Researchers at West Virginia University are studying the effects of large-scale mine applications of coal combustion byproducts (CCBs) on groundwater chemistry. In particular, the study is looking at the ability of coal ash to eliminate or reduce acid mine drainage.

“The use of CCBs in coal mine environments is far reaching and affects the environment slowly but permanently,”said Jennifer Simmons, program coordinator with the West Virginia Water Research Institute at WVU and project researcher.

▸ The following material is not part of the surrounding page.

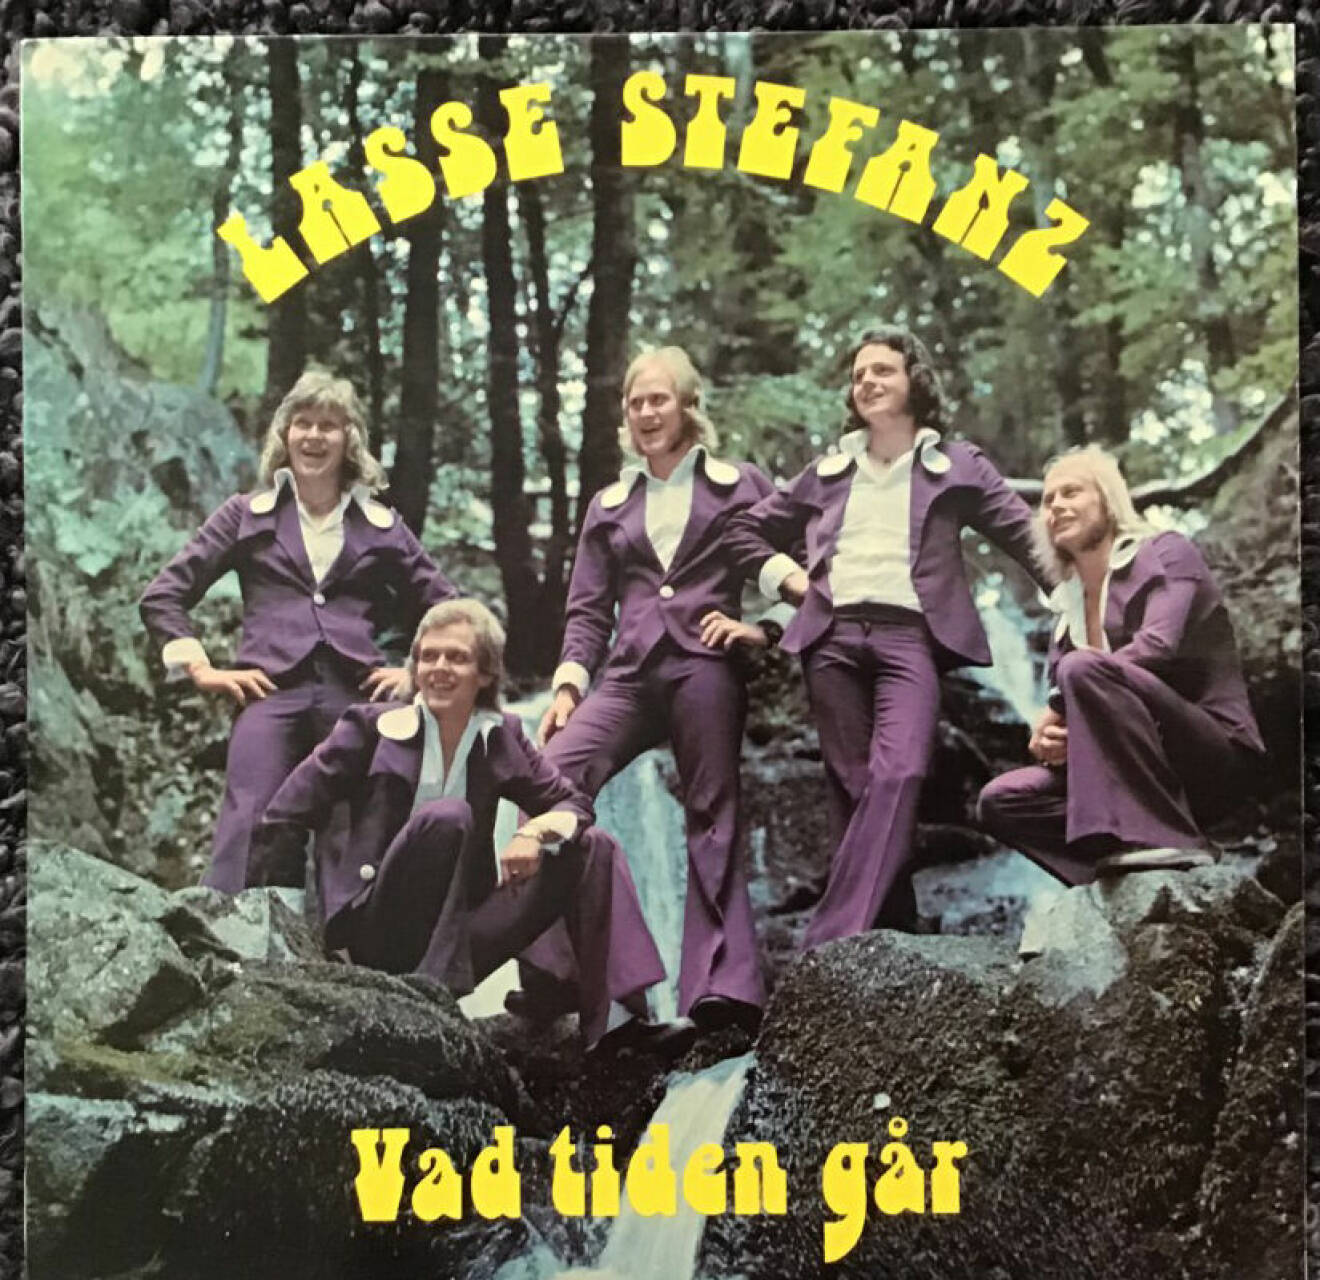 Skivomslaget till Lasse Stefanz Vad tiden går från 1974.
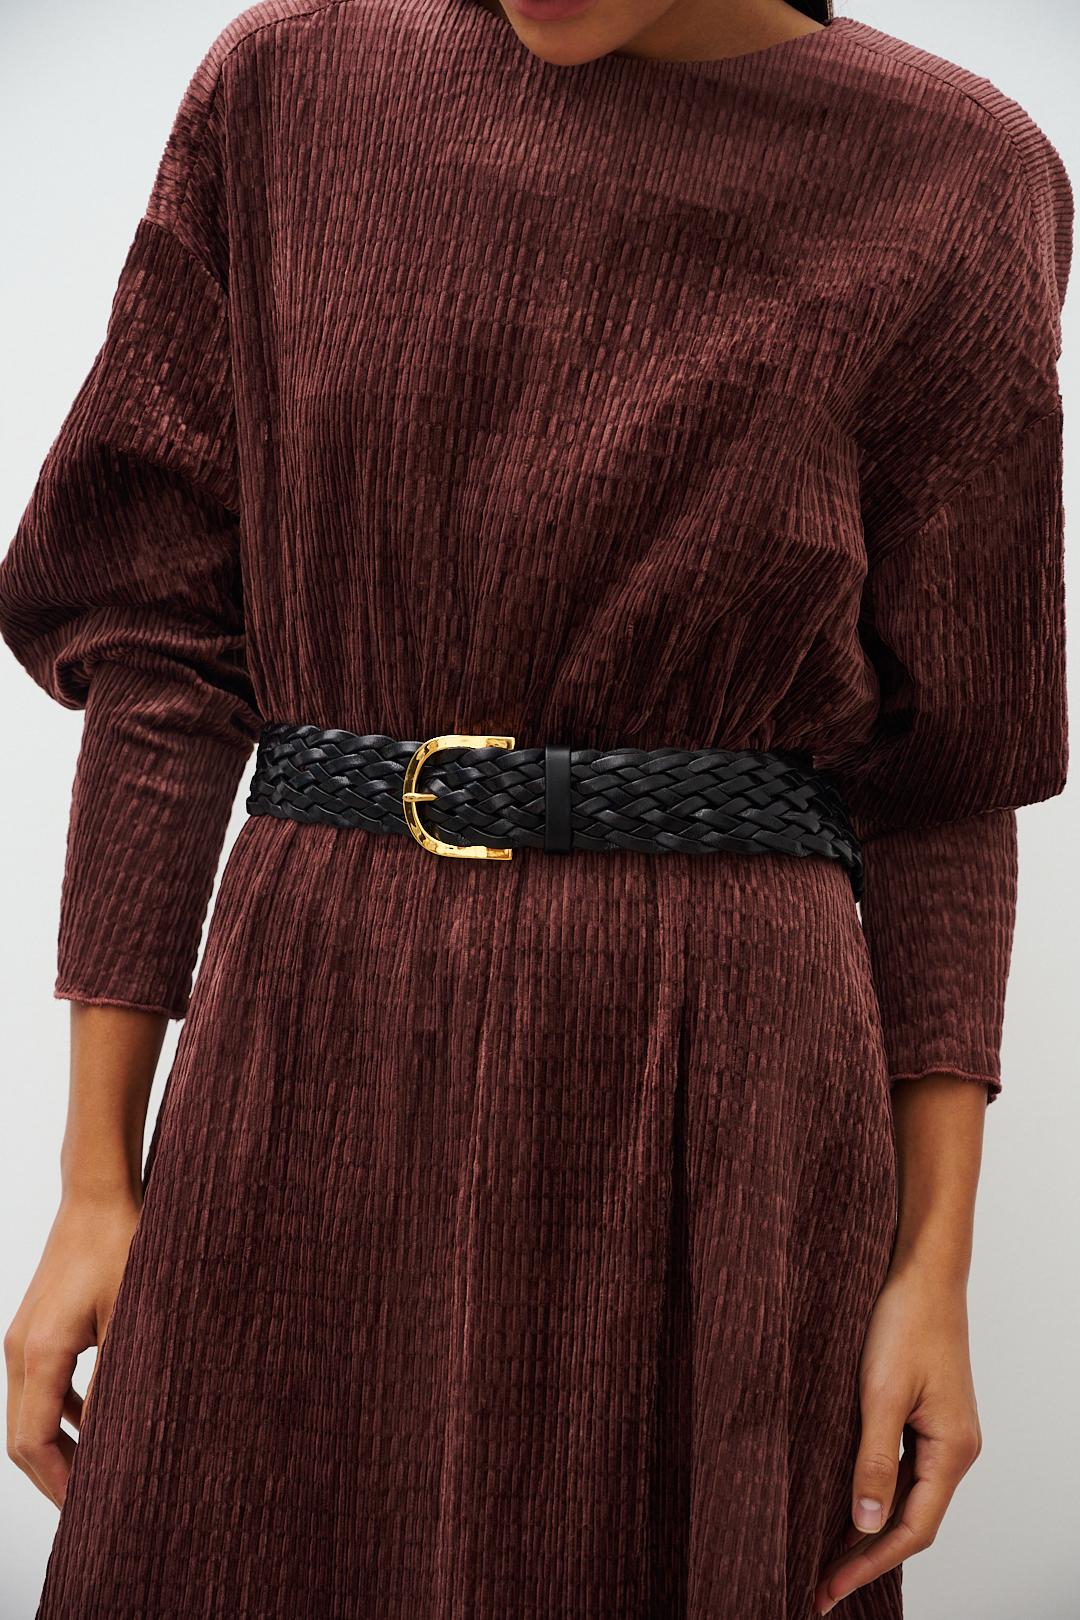 Плетеные кожаные ремни — купить в интернет-магазине Ламода

“We are investigating how past and present CCB management practices have impacted groundwater quality by studying sites throughout the mid-Atlantic region,”explained Simmons.”Understanding the implications of using large-scale CCB applications in coal mine environments will allow us to make better decisions in the future regarding the use of CCBs in mine land reclamation. It will enable us to better predict how these materials will perform in acid environments, which will help us select the most suitable materials for acid mine drainage remediation projects without the risk of leaching toxic metals.”

Joining Simmons on the research is Louis McDonald, assistant professor of Environmental Soil Chemistry with WVU s Division of Plant and Soil Sciences.

“While most coal combustion byproducts application sites are monitored for changes in groundwater chemistry, few studies are conducted to show the effects of CCBs on groundwater chemistry,”McDonald said.

Ongoing research activities include assembling existing data, characterizing the chemical and physical properties of the CCB and its impacted waters and conducting a laboratory analysis of the leachability of metals from CCBs under acidic conditions.

The project is funded by the Combustion Byproducts Recycling Consortium (CBRC) with the assistance of the National Mine Land Reclamation Center (NMLRC) at WVU and has a total budget of $152, 847. The CBRC is a five-year program funded by the U.S. Department of Energy-National Energy Technology Laboratory (DOE-NETL) and is managed by WVU s NMLRC . The objective of the CBRC is to develop and demonstrate technologies to address issues related to the recycling of byproducts associated with the coal combustion process.